Evidence-Grounded Financial RAG: Reducing Numerical Hallucination in LLM-Generated Corporate Risk Memos

Qiyou Wu; Jingwen Bai; Xiaohan Zhou

doi:10.69987/JACS.2023.30306

Authors

Qiyou Wu Construction Management, Northeast Forestry University, 150036, Harbin, China Author
Jingwen Bai Data Science, Columbia University, NY, USA Author
Xiaohan Zhou School of Information Science and Technology, Beijing Forestry University, Beijing 100083, China Author

DOI:

https://doi.org/10.69987/JACS.2023.30306

Keywords:

financial language models, retrieval-augmented generation, XBRL, SEC Financial Statement Data Sets, numerical reasoning, hallucination, trustworthy AI, corporate risk memo

Abstract

Large language models produce fluent corporate risk summaries, but risk memos become unreliable when the generated text changes financial values, confuses periods, or cites facts that do not support the statement. This paper evaluates an evidence-grounded retrieval-augmented generation pipeline for numerical financial memo writing on the SEC Financial Statement Data Sets 2023 Q1–Q2. The experiment constructs a fact-level evidence base from SEC-style SUB, NUM, TAG, and PRE tables, generates company-quarter risk memos under three settings, and audits every financial claim using executable formulas and source-location checks. The evaluation contains 120 company-quarter memos per setting, 720 audited claims per setting, 2,640 evidence chunks, ten SIC-level industry groups, and deterministic code in the replication package. No-RAG generation achieved a 21.94% numeric error rate and a 100.00% evidence-grounding failure rate because it did not emit required source identifiers.
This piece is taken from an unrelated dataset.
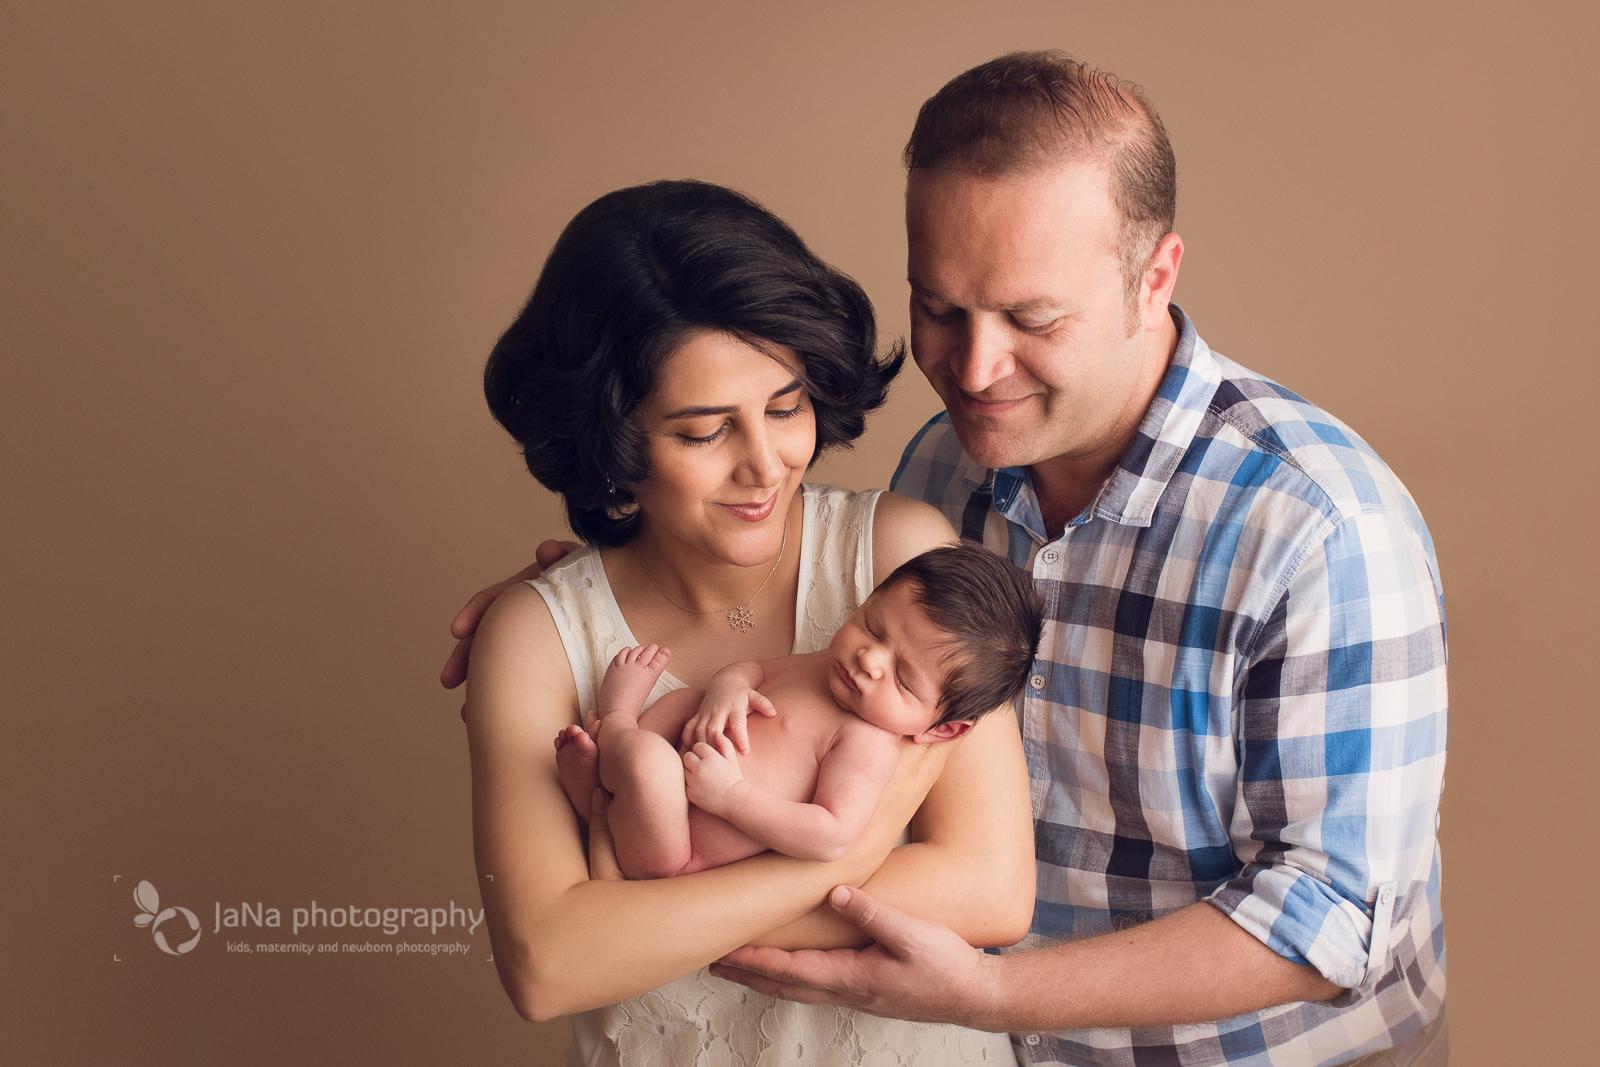 Vancouver newborn photography | Rayn

Plain RAG reduced numeric errors to 11.67% and citation errors to 18.19%, but still failed 28.61% of audited claims. Verified RAG, which constrained retrieval by filing metadata and recalculated ratios before finalizing text, reduced the audited claim-level error rate to 0.56%, eliminated numeric and citation errors in this run, and achieved a 96.67% memo-level all-claims pass rate. The results show that retrieval alone is insufficient for financial memo generation; a calculator-backed verifier is required to make generated ratios, year-over-year changes, and citations consistent with the evidence base.